9) If the broadly pro-EU Joe Biden wins in US presidential election that will increase pressure on Johnson for a deal. Trump praised Johnson yesterday. Praise from Donald Trump is not popular in UK. 2016 saw the birth of the Brexit/Johnson-Trump Siamese twin sired by nationalist, populist, anti-immigrant prejudices. If the Trump half of the Siamese twin is sawn off by US voters, the left over Brexit/Johnson half will be much weaker.

10) Johnson has been much weakened by his confused, contradictory handling of Covid. He is openly attacked by Tory MPs representing their small businesses especially town centre and non-industrial SMEs who cannot survive with early closures, limits on people gathering, and other measures which are imposed by central government diktat with no debate in Commons.

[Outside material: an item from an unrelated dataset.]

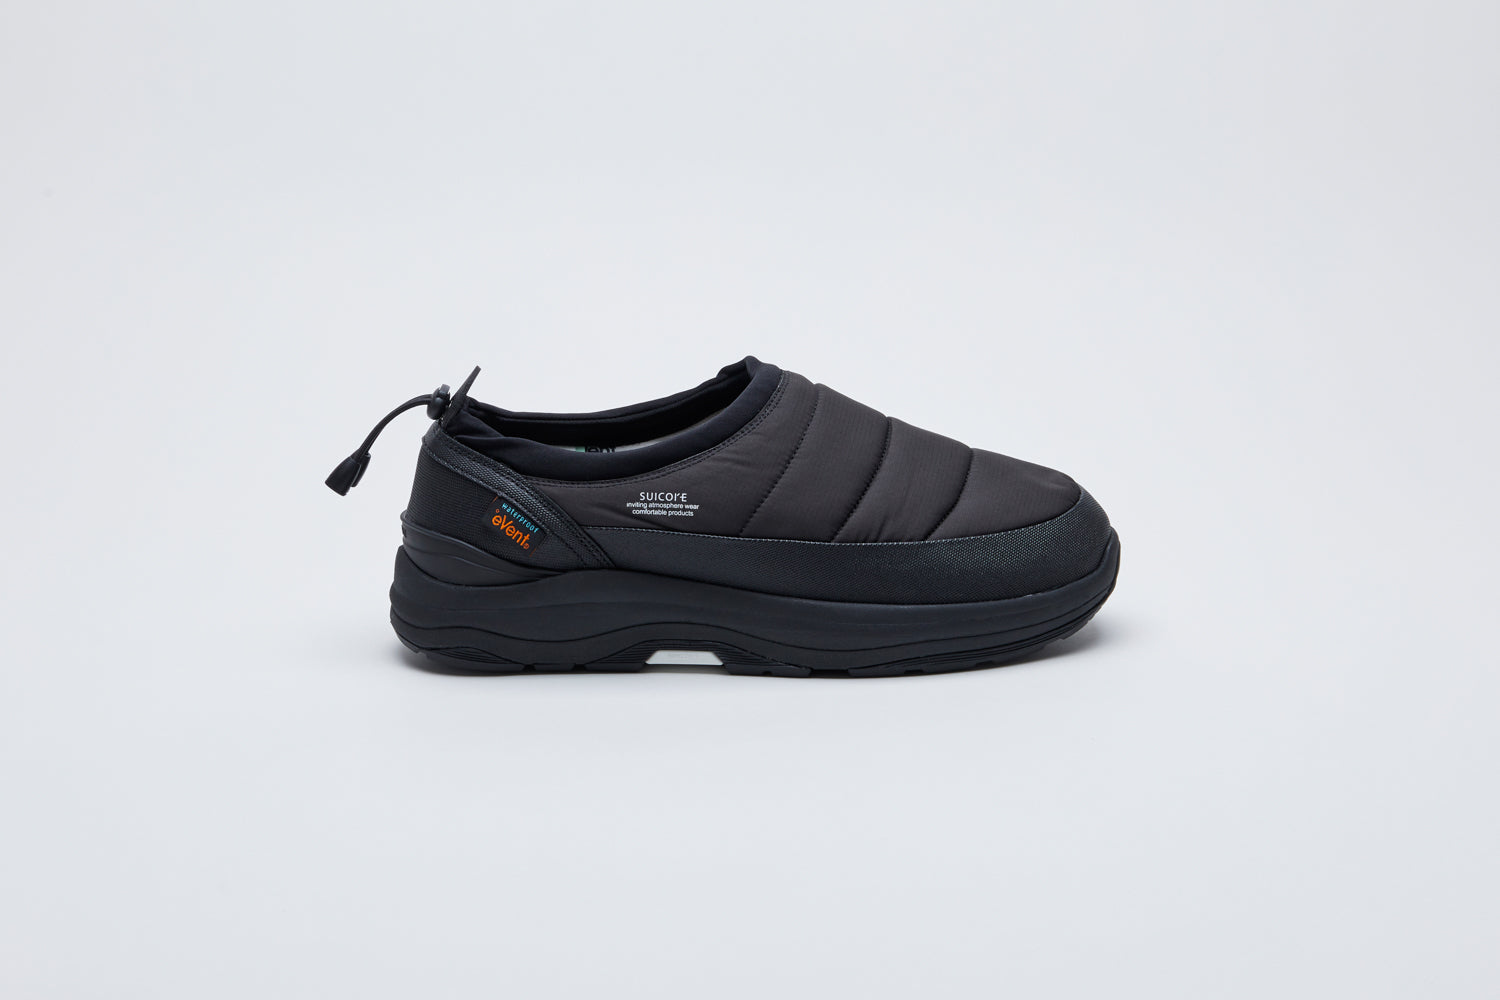 SUICOKE PEPPER-evab low top ankle boots with black nylon upper and running sole with adjustable toggle cord closure. From Fall/Winter 2021 collection on SUICOKE Official US & Canada Webstore.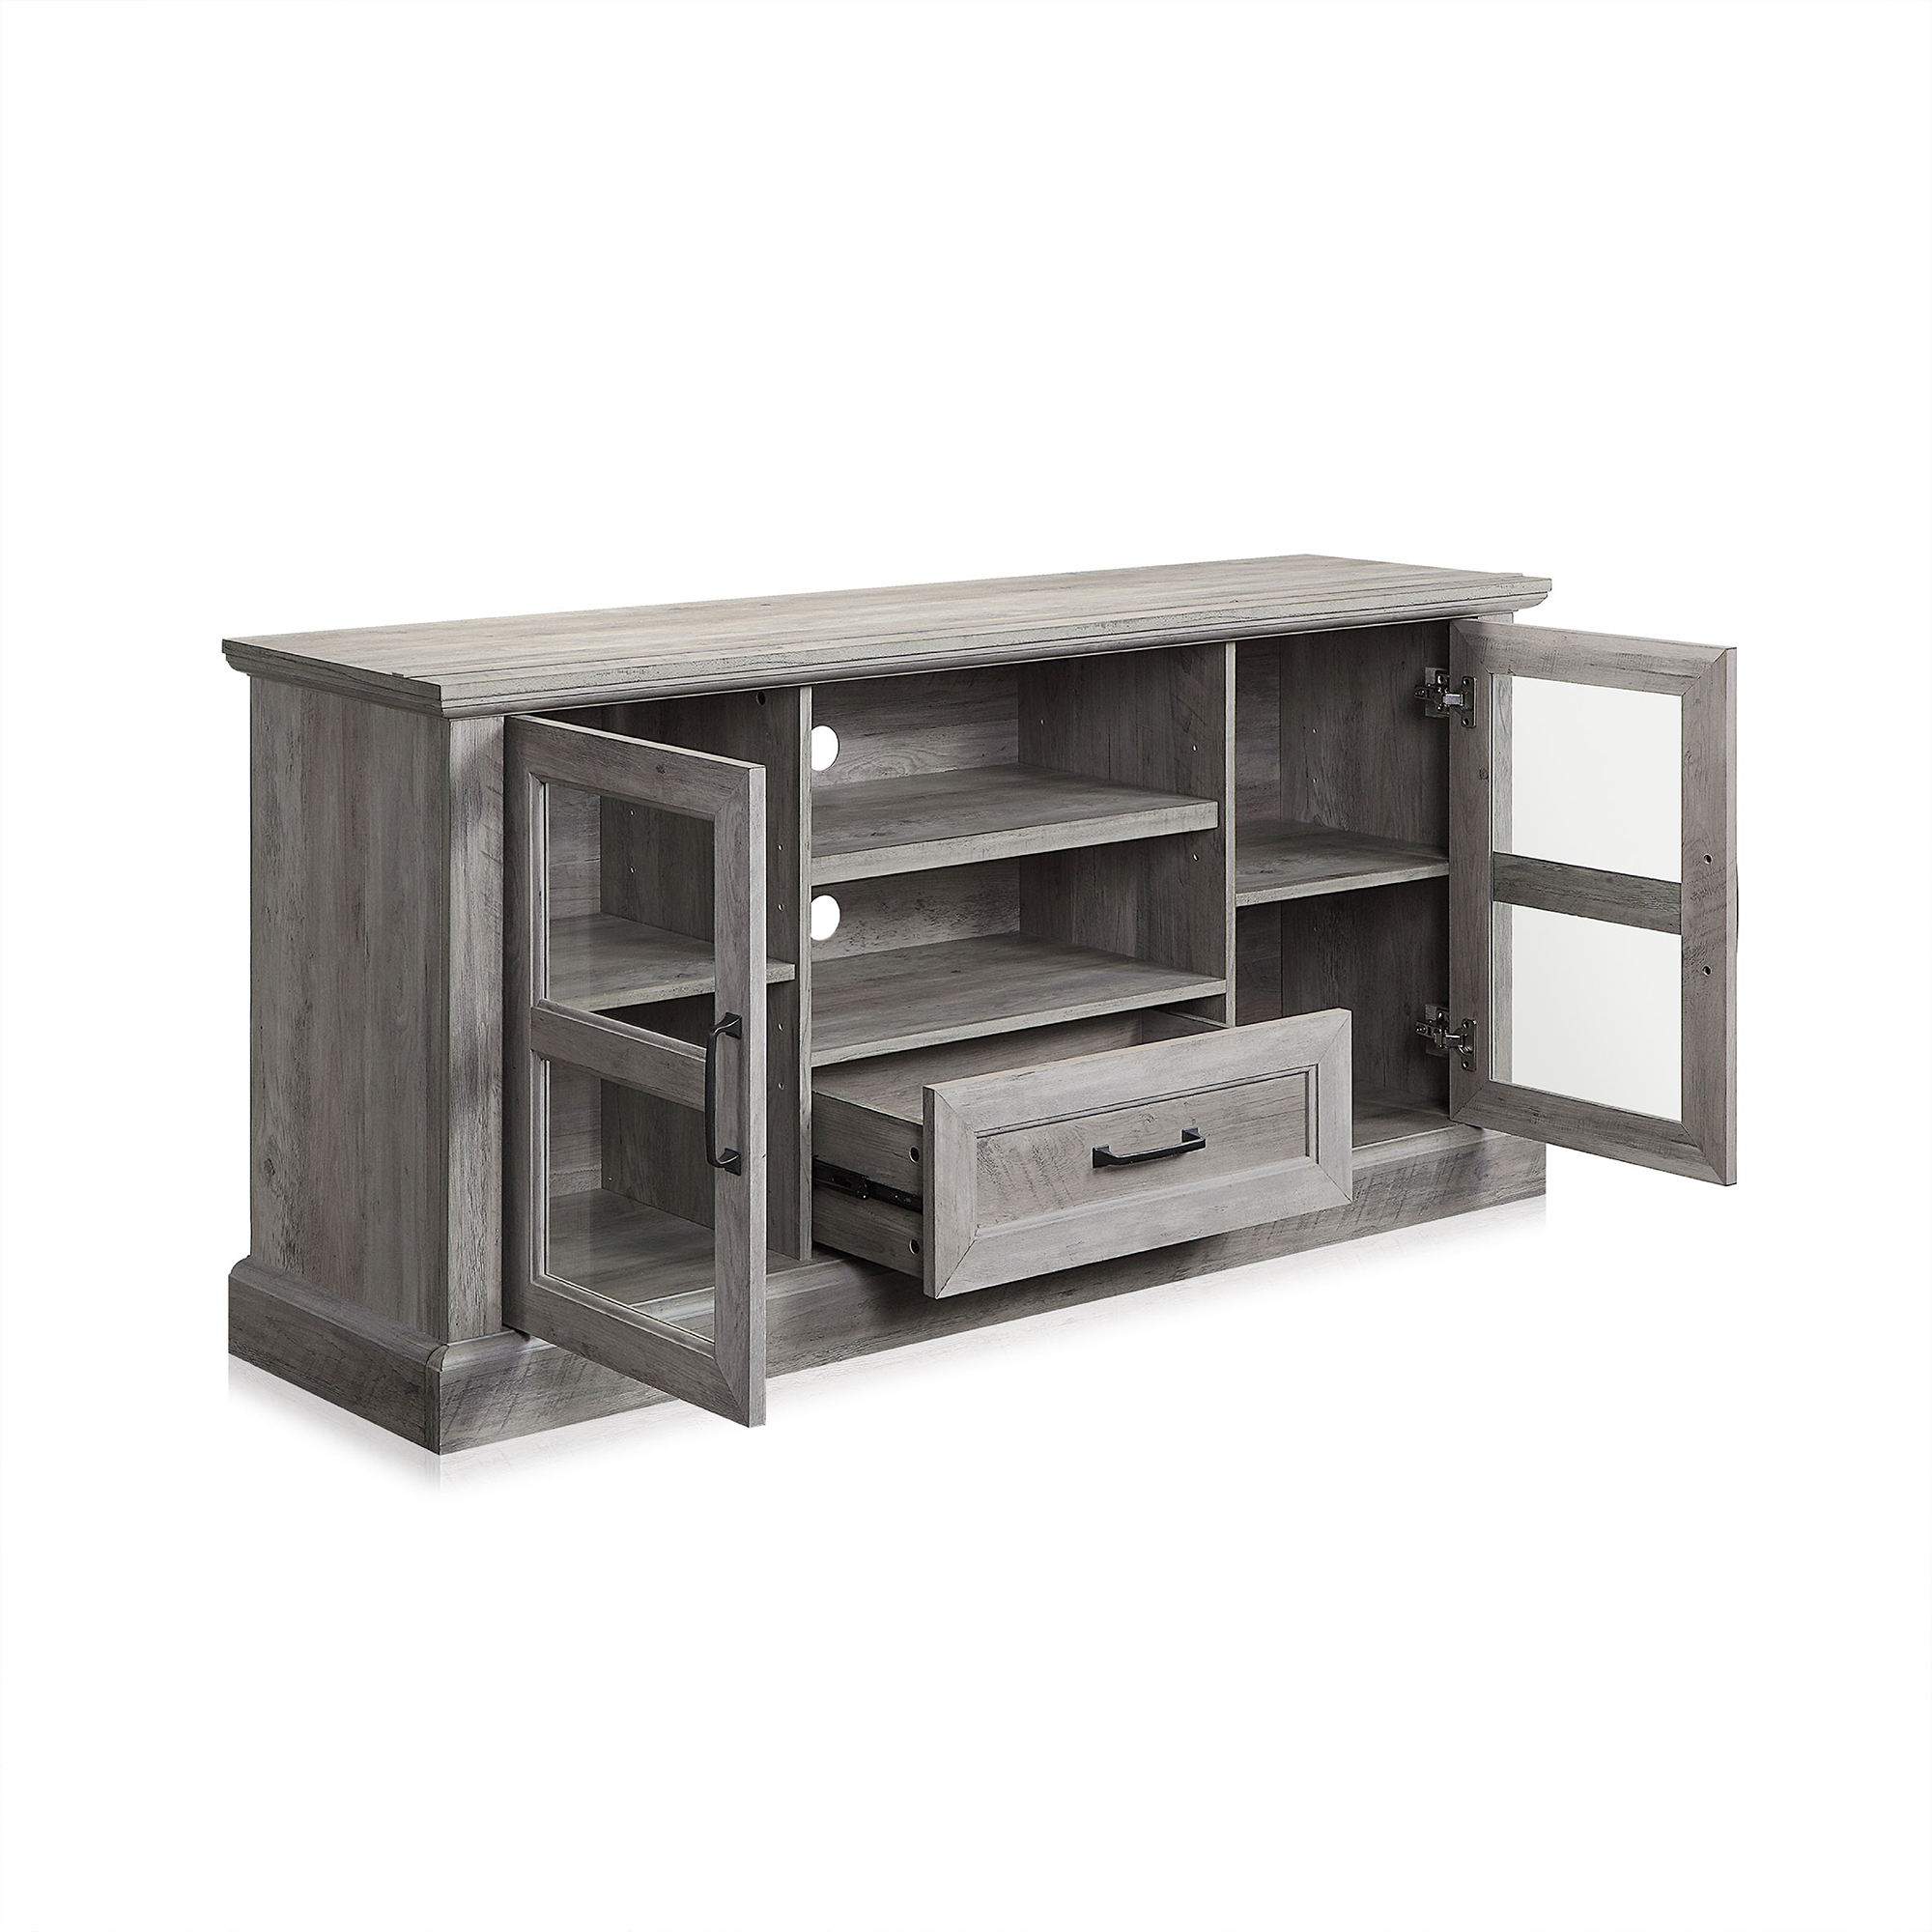 BELLEZE Rustic Modern TV Stand - Trussati (Gray Wash) - image 4 of 7

The British MP is elected not on a list system but as the representative of his or her community’s economic interests. The public and Tory MPs sense no grip or control from the prime minister. If some mechanism could be found to put off the worst impact of Brexit they would reluctantly accept that.

11)  The Labour opposition under Sir Keir Starmer refuses to engage in any Brexit debate but simply calls on the PM to deliver a “good deal for Britain that protects the environment, animal rights and worker rights”.

But other than that Labour says it is all in the hands of the prime minister. Johnson and Tory MPs can see the trap being set. A crash out No Deal/WTO Brexit with queues, shortages, maybe rationing, and endless uncertainty is a disastrous beginning to his second full year in office and will encourage the growing Tory press voices saying he cannot win the next general election.

So in conclusion, there is no win for Johnson in going for a hard Brexit. How he pirouettes and U-turns remains to be seen. But he is the artist of the political pirouette and has never been faithful to a policy, or belief other than his own advancement in three decades of political activism.

The majority of Tory (and other MPs) plus public and press opinion would welcome a compromise deal including putting off some difficult decisions to a post-Covid era and continuing ad interim in some areas with existing status quo arrangements. For EU legal purists in Brussels and anti-EU hardline ideologues in London this may not be acceptable but if words and legal formulae can be found – and they can – the signals for a compromise are more positive than a few weeks or months ago.